Hilary (in loc.): Passione corporis sui infirinitates humanæ imbecillitatis absorbens. In SCHOETTGEN'S Hor. Heb., (in loc.) there is a remarkable quotation to the same effect from the book Sohar.

14. THE RAISING OF THE WIDOW'S SON.

LUKE Vii. 11-16.

THE city whither our Lord was bound, and at the gate of which this great miracle was wrought, is not mentioned elsewhere in Scripture. It lay upon the southern border of Galilee, and on the road to Jerusalem, whither our Lord was probably now going to keep the second passover of his open ministry.
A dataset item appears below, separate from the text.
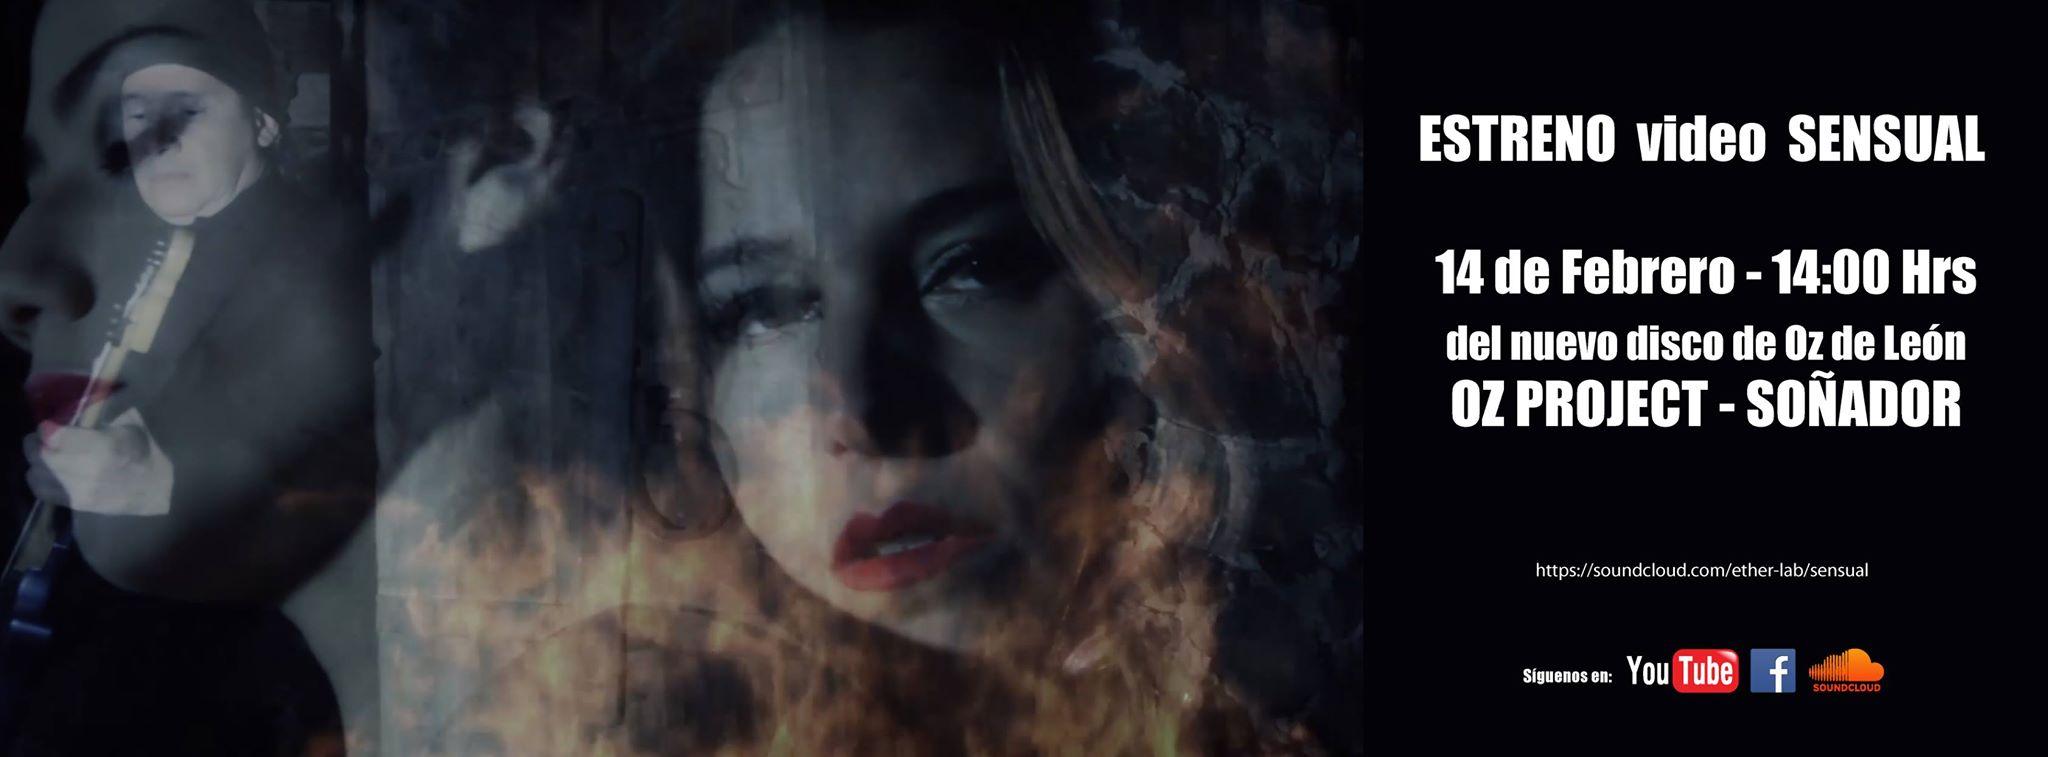 SENSUAL- ESTRENO VIDEO

That our Lord should meet the funeral at the gate of the city, while it belonged no doubt to the wonderworks of God's grace, while it was one of those marvellous coincidences which, seeming accidental, are yet deep laid in the councils of his wisdom and of his love, is at the same time a natural circumstance, to be explained by the fact that the Jews did not suffer the interring of the dead in towns, but had their burial-places without the walls. Probably there was very much in the circumstances of the sad procession which he now met, to arouse the compassion even of them who were not touched with so lively a feeling for human sorrows as was the compassionate Saviour of men; and it was this which had brought that "much people" to accompany ! the bier. Indeed, there could little be added to the words of the Evangelist, whose whole narrative here, apart from its deeper interest, is a master-work for its perfect beauty—there could be little added to it to make the picture of desolation more complete-" There was a dead man carried out*, the only son of his mother, and she was a widow." The bitterness of the mourning for an only son had passed into a proverb; thus, Jer. vi. 26, "Make thee mourning as for an only son, most bitter lamentation;" and Zech. xii. 10, "They shall mourn for him as one mourneth for his only son; Amos viii. 10, "I will make it as the mourning of an only son."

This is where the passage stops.